Произведя на свет ребенка, который перестал дышать через десять минут после появления на свет, Манджола умерла, и лишь перед лицом смерти призналась, кто его отец.

– Надо быть полным кретином, чтобы связаться с албанкой, да еще и поступить с ней так, как Драган, – говорил Йован, сидя на кухне Сары. – Пятидесятые на исходе, а у этих дикарей до сих пор в ходу джакмарья – кровная месть. Отец и братья Манджолы винили Драгана в смерти девушки и ребенка, к тому же он еще и совратил ее. Они, говорят, всех родственников вырезают, но мать Драгана уже умерла, а ты не кровная родня. Были бы у вас дети… – Он осекся. – Забыть, простить у албанцев считается позором. Это самое страшное бесчестье и неуважение к памяти умершего.

– Мой муж – подлец, – мертвым голосом проговорила Сара. – Бросил женщину, которая носила его ребенка.

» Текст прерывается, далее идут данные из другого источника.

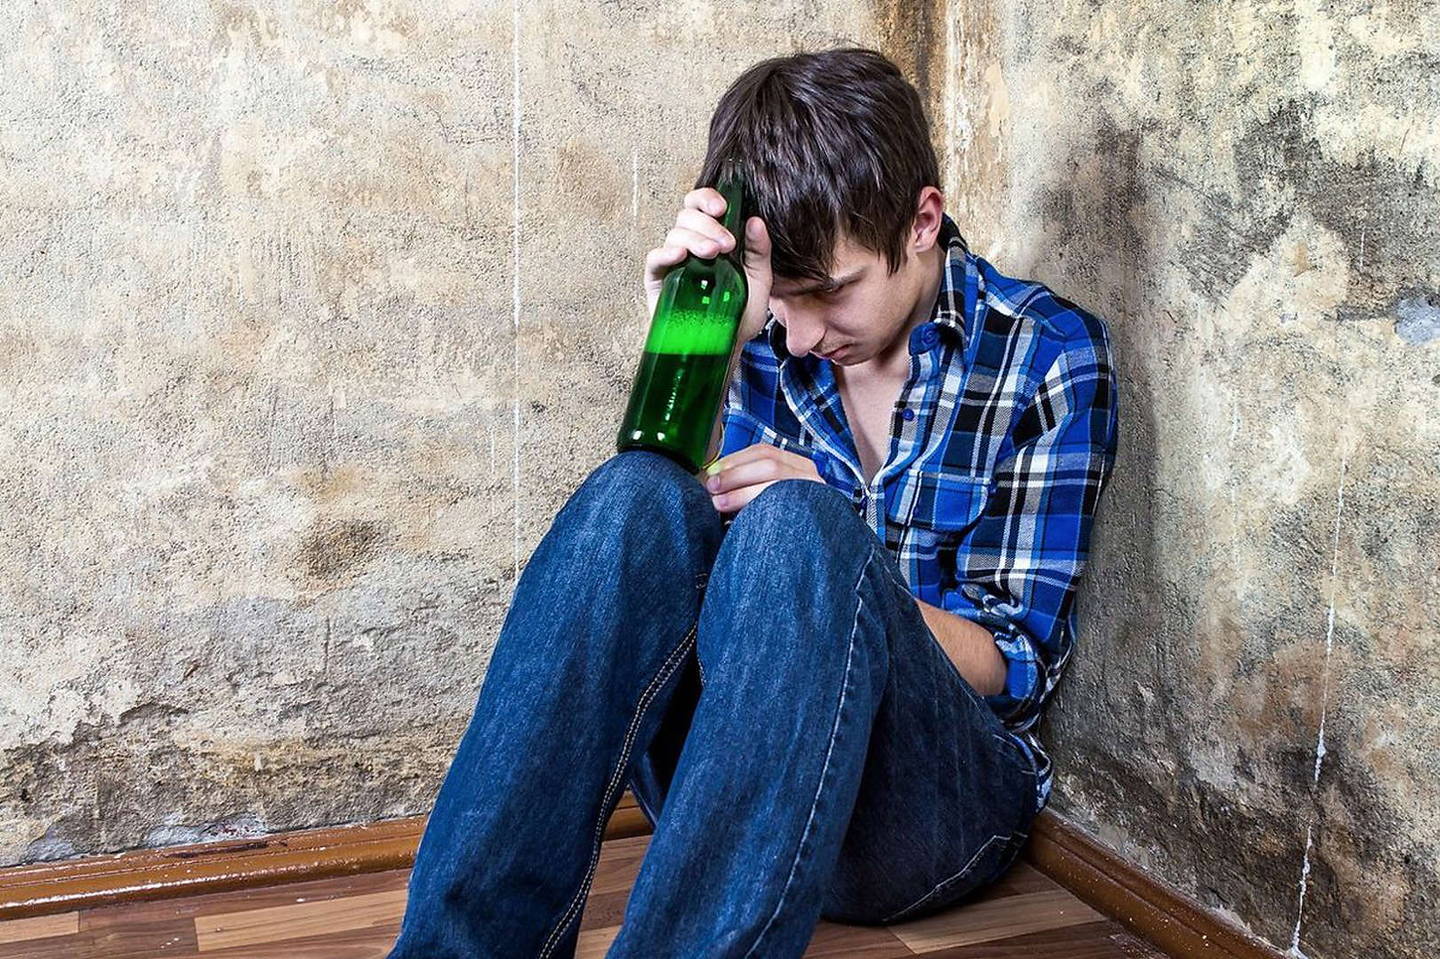 AUD affects a staggering number of adolescents even though they legally shouldn't be able to drink.

– Не надо так… Он поступил безрассудно, но он хороший человек. Это была ошибка…

– Ошибка, – эхом откликнулась Сара.

– Мать Драгана тоже со временем узнала про Манджолу, он ей рассказал, хотя и не сразу. Не смог промолчать, они были очень близки. – Йован виновато посмотрел на Сару. – Боялась она за него. Считала, что ему не нужно было жениться, да еще и возвращаться сюда, где его могли рано или поздно найти. – Он тяжело вздохнул. – Я услышал от людей, что в соседнем поселке появились албанцы, сразу понял, что к чему, и побежал к вам, думал, Драган отсидится где-нибудь, но, видишь, не вышло… Как мать костерила его за глупость! Плакала, уговаривала уехать подальше. Но он не слушал.

«Вот почему свекровь так относилась ко мне, – думала Сара. – Ей повезло: она умерла раньше, чем все это случилось».

Скорбь в ее сердце смешалась с гневом и отвращением. Человек, которого она считала лучшим из мужчин, оказался способным обмануть доверившегося, растоптать чувства другого человека. Она винила его в своем одиночестве, в том, что потеряла счастье, не успев толком обрести его, в том, как косо смотрели на нее соседи.